Yes, half of the student population as it seems knows how to solve the cube, and about a good 15-20% owns a cube, lol.


----------



## Leo (Jan 12, 2008)

Me and my friend seemed to have started a cubing craze


----------



## Dene (Jan 12, 2008)

badmephisto said:


> abbracadiabra said:
> 
> 
> > badmephisto said:
> ...



LMAO!! This is funny reading material


----------



## abbracadiabra (Jan 12, 2008)

badmephisto said:


> lol... usually as in "wow you are sooo smart! do it again, please?" then i look away and act like i don't wanna do it again, just so that they have to add something like "for me?" ::wink wink::... to which i usually humbly reply: "its really not that hard.
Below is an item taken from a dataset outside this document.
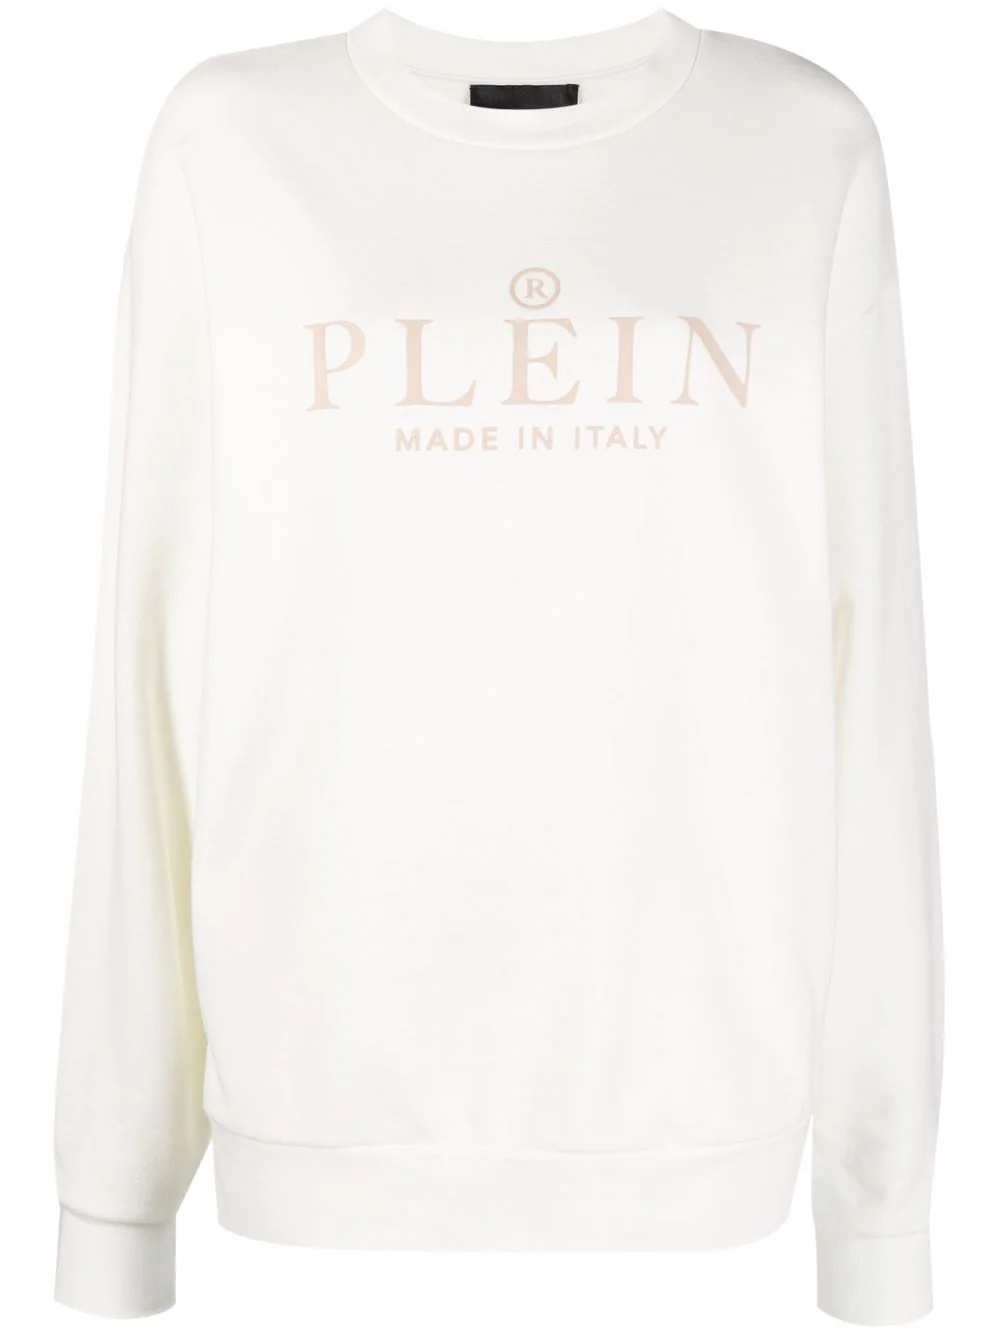 Iconic Plein long-sleeve sweatshirt - 1

You know,... when you solve the cube so fast, you don't have time to think - you rely purely on Instinct. Any minor mistake you make could cost you precious seconds, and every tiny wrong move can lead to a pop. It is solve, or be solved!". While I am saying this, I also solve the cube really fast, and when Im done, i slam it on some table and not even check if its actually solved, then look bored.
> 
> nah i don't actually do/say that stuff, but I'm thinking that's actually pretty good, i might try that next time ?




I can't help it, I'm cracking up. That has got to be the funniest line I ever heard! Hey - let us know if it gets you any, ok?


----------



## martian (Jan 13, 2008)

I saw a lot of people bring to cube back to school but more than 80% of them don't know how to solve it, so I bring mine back and show them how to solve it. They are all amazed and ask me to teach them...............


----------



## ShadenSmith (Jan 13, 2008)

I've found the opposite at my school...most kids who bring them to school can solve them (only because they read the booklet that they come with). There are probably 50 kids in my school who can solve it. Only 3 of us average under 1 minute though.


----------